Starting up a business of your own is a big step and not one to take lightly. The taxation of your business is only one of many commercial and legal aspects of starting a business that you will need to consider.

Choosing a business structure

The alternative business structures are:

Sole trader

This is the simplest form of business structure since it can be established without legal formality.

The business of a sole trader is not distinguished from the proprietor’s personal affairs. If the business incurs debts which are unpaid, the creditors can seek repayment from the sole trader personally.

Partnership

A partnership is similar in nature to a sole trader but involves two or more people working together.

A written agreement is essential so that all partners are aware of the terms of the partnership. Again, the business and personal affairs of the partners are not legally separate.

Sole traders and partnerships are often referred to as unincorporated businesses and the individual owners as self-employed. The trading profits of both sole traders and partnerships are subject to income tax.

Limited company

A company is a legal entity in its own right, separate from the personal affairs of the owners and the directors.
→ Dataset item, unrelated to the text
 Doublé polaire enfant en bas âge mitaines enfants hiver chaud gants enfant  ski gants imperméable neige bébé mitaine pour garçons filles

A company provides protection from liability, which means that the creditors of the company cannot make a claim against the owners or the directors except in limited circumstances.
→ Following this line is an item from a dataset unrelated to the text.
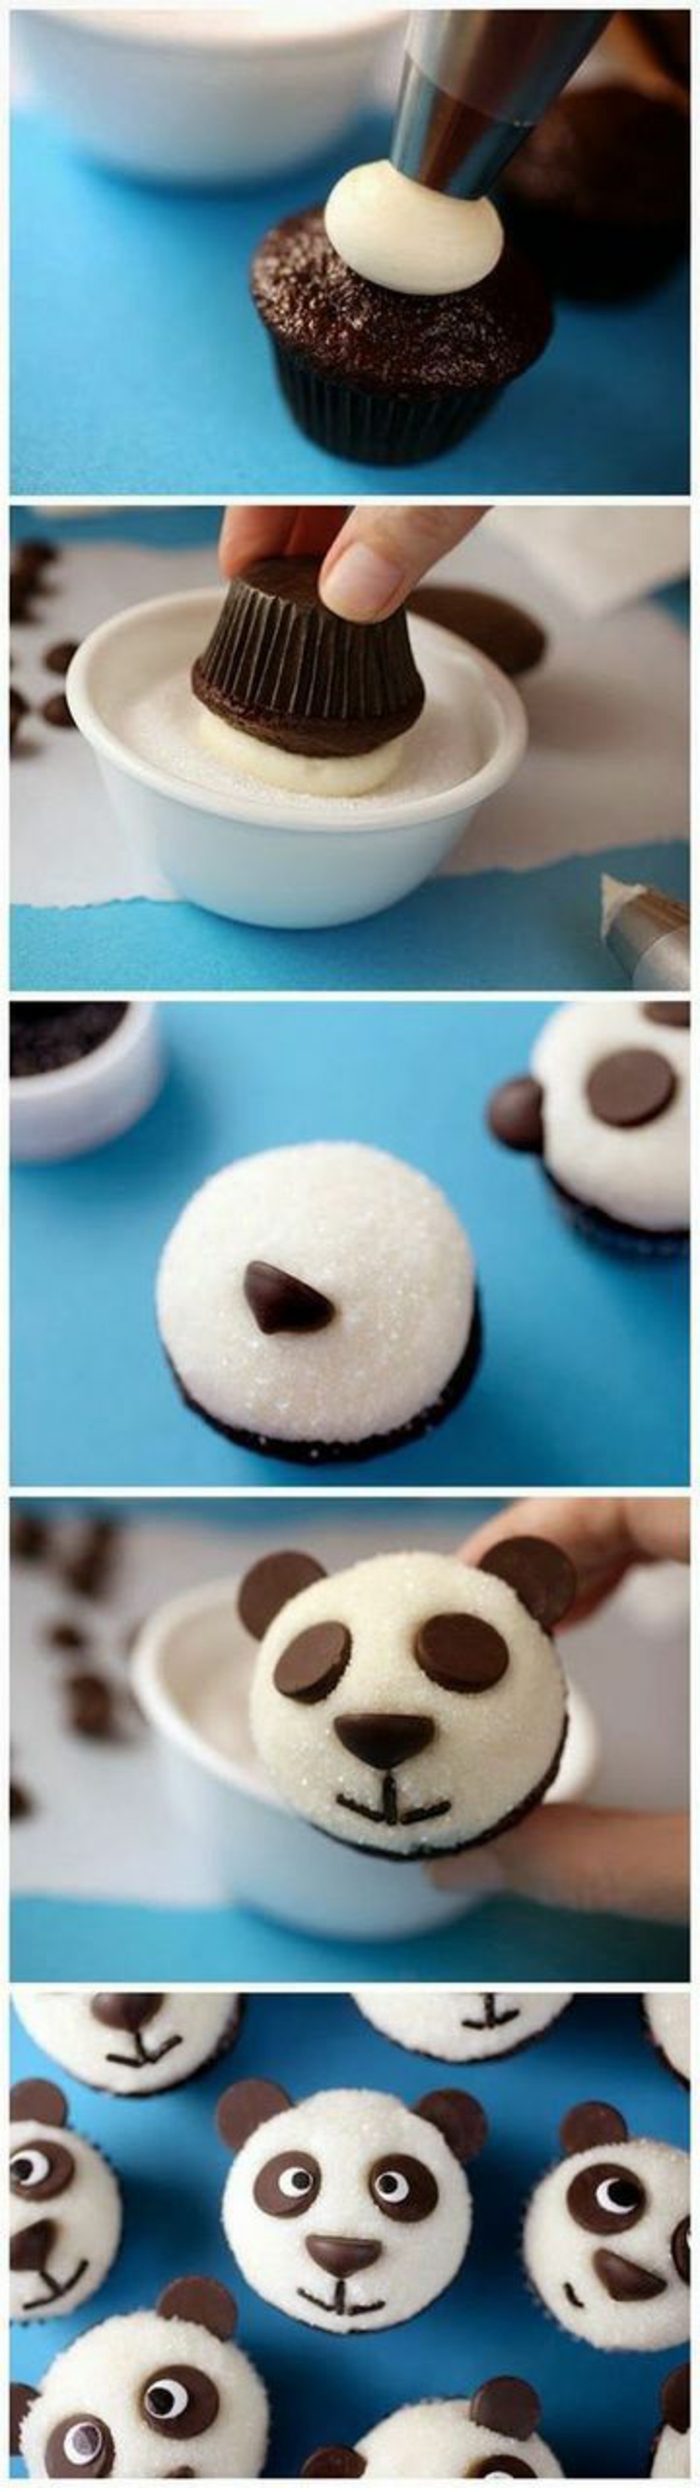 Csokoládé cupcakes fehér krémet és kakaó szemét medve

Companies are subject to corporation tax and individuals are only subject to income tax on any funds withdrawn from the company by way of salary or dividend, for example. In the past, this has been an advantage of incorporation as corporation tax rates have been lower than income tax rates. The recent increase in corporation tax has eroded that tax advantage for companies with larger profits.

These potential advantages carry the downside of greater legal requirements and regulations that must be complied with.

Limited Liability Partnerships (LLPs)

LLPs are a halfway house between partnerships and companies.

They are taxed in the same way as a partnership but are legally a corporate body. This again gives some protection to the owners from the partnership’s creditors.

In this guide we consider the differing tax treatments of the alternatives but you should choose which structure is right for you based on more than just the tax issues alone.

Taxation of unincorporated businesses

A new business should register with HMRC on commencing to trade. Income tax is paid on the profits of the business. The amount that the proprietor, or a partner in a partnership, draws out of the business is irrelevant.

From 2024/25, profits will be taxed on an actual basis; an individual will be taxed on any profits arising from the 6 April in one year to the 5 April in the next. Previously an individual would broadly have been taxed on the profits of the period of account ending in the tax year. This may add significant complexity to calculating the income tax payable for a trader who does not have a 31 March or 5 April year end as the profits will need to be apportioned into the tax year itself. We would be happy to assist you with these calculations.

Cash basis for smaller unincorporated businesses

The cash basis is an optional basis for calculating taxable profits. Previously, this was available to small unincorporated businesses upon election. If no election was made, the accruals basis applied. From 2024/25, most unincorporated businesses will have to calculate taxable profits using the cash basis as the default. The historic restrictions on who can use the cash basis have been removed. A business can elect to apply the accruals basis instead.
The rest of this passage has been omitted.